TASK OBJECTIVE — Within the entries below, please return exactly the lines from the one with "Cartoon Gloved Hands." through the one with "みなと 赤十字 病院 横浜", leaving out any pictures.

----- EXCERPTED RECORDS

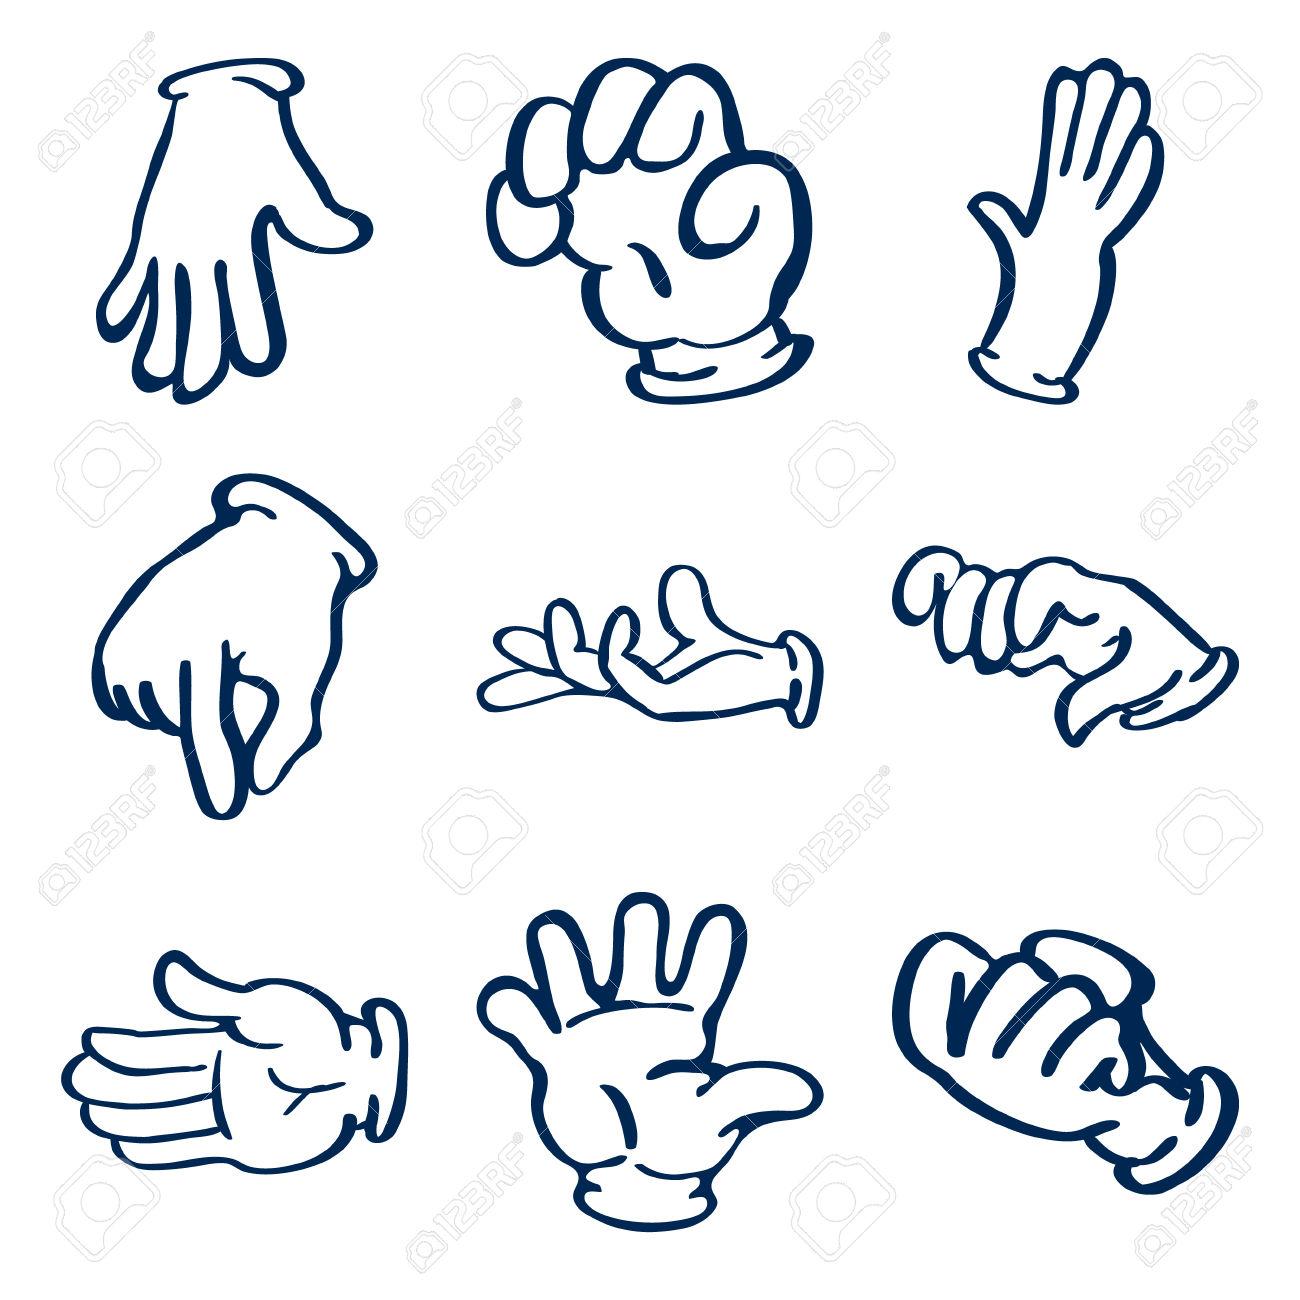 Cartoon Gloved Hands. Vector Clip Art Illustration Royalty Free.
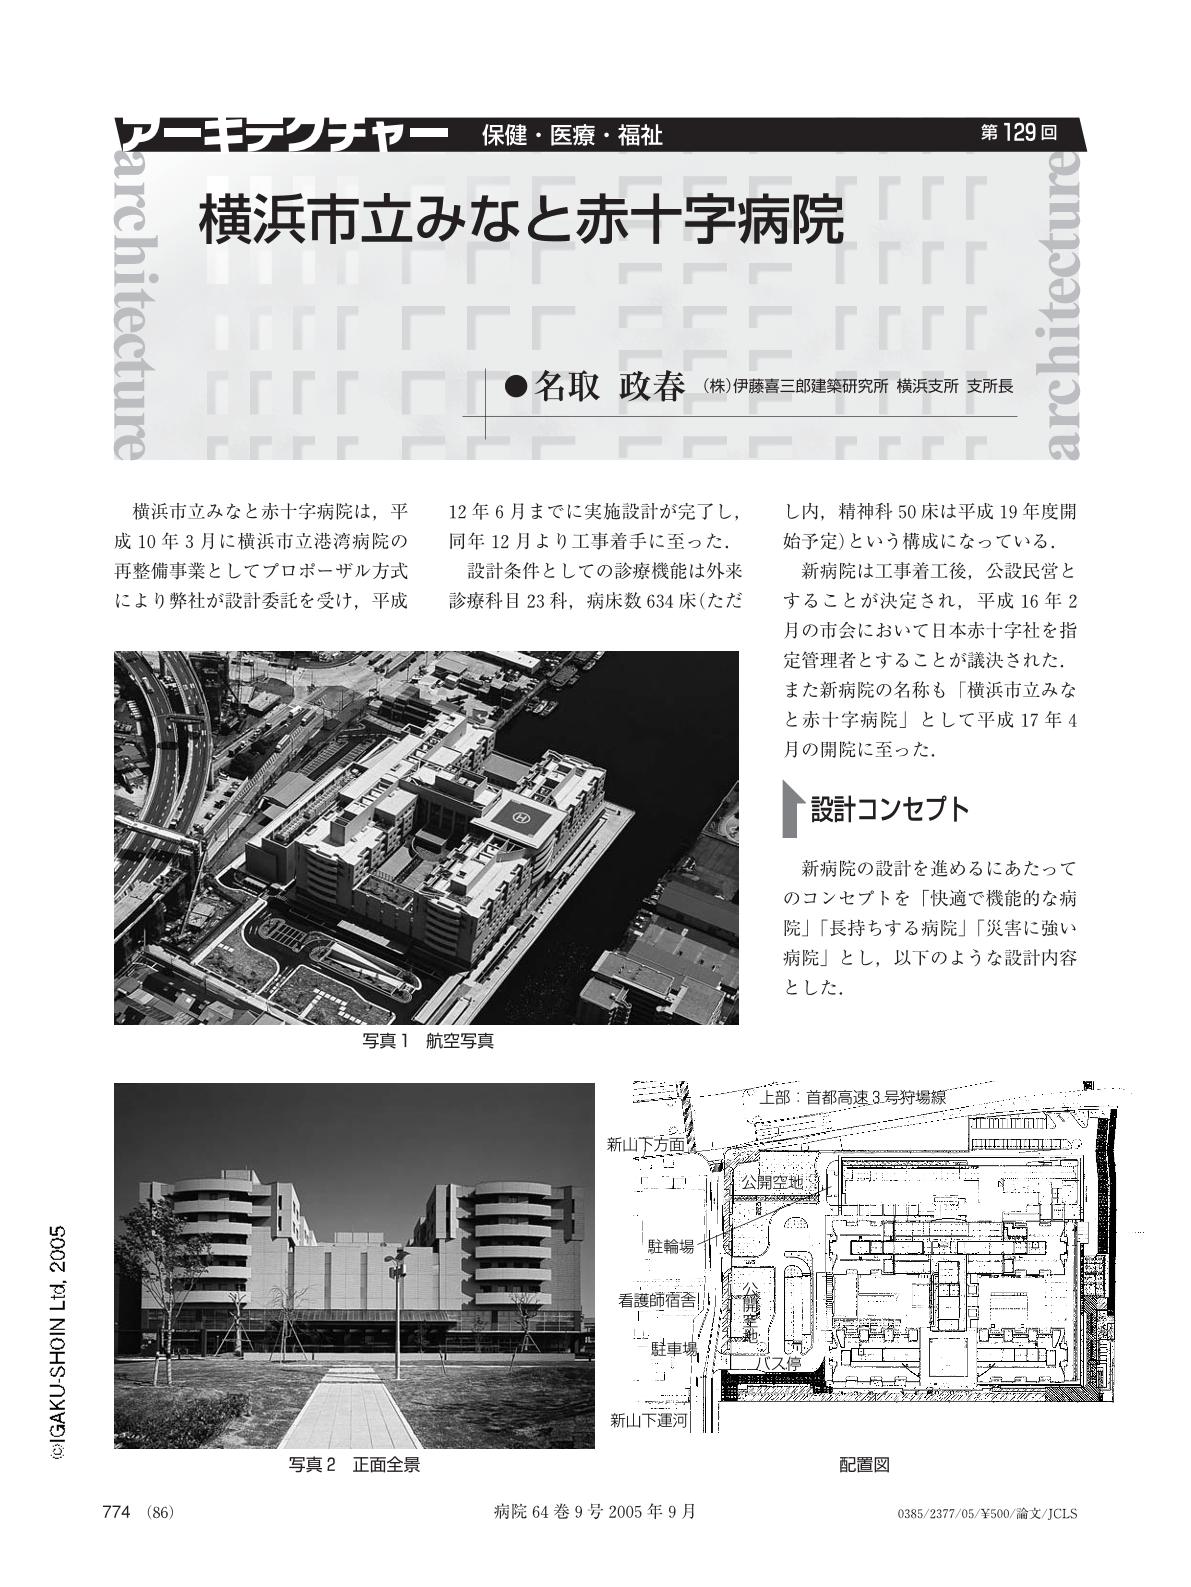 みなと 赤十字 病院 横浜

----------
----- EXCERPTED RECORDS

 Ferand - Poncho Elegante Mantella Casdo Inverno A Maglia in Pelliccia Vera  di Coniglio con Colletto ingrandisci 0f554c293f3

----------

SOLVED EXERCISE —
 Cartoon Gloved Hands. Vector Clip Art Illustration Royalty Free.
 みなと 赤十字 病院 横浜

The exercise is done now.